> [SOURCE INFORMATION]
● ● ● ● ●

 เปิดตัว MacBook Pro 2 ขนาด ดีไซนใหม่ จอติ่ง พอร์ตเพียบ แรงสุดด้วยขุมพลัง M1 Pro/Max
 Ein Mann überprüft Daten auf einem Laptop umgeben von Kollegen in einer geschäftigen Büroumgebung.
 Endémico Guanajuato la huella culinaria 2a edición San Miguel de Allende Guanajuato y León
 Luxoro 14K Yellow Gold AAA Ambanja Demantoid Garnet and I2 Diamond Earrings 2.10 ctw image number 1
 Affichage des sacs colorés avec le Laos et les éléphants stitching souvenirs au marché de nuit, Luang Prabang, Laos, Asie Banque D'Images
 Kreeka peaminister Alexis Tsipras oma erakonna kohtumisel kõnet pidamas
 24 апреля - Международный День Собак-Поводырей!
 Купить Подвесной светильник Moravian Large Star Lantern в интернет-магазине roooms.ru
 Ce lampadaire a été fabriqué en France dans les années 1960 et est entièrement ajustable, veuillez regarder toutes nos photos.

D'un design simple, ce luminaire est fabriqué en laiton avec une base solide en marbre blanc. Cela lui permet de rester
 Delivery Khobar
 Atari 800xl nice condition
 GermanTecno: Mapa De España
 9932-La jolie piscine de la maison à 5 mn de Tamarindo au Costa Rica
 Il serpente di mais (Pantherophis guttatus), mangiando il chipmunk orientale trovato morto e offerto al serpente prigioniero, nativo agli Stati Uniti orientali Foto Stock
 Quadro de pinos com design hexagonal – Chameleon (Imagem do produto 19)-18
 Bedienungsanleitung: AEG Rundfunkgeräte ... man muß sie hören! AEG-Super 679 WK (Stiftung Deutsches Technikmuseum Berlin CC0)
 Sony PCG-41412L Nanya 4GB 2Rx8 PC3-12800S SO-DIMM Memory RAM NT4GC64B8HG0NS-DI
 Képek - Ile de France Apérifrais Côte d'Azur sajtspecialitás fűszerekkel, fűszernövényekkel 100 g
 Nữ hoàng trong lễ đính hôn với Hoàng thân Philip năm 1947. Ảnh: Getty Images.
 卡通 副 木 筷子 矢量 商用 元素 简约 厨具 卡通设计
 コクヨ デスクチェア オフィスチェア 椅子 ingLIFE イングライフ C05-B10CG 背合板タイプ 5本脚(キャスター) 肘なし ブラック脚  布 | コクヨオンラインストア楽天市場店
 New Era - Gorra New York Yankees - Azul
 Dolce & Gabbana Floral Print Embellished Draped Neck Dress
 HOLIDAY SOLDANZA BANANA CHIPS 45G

● ● ● ● ●

> [WORK TO BE COMPLETED]
The answer must consist of every line in the records above that contains the word "France".

> [COMPLETED EXERCISE]
 Ce lampadaire a été fabriqué en France dans les années 1960 et est entièrement ajustable, veuillez regarder toutes nos photos.
 Képek - Ile de France Apérifrais Côte d'Azur sajtspecialitás fűszerekkel, fűszernövényekkel 100 g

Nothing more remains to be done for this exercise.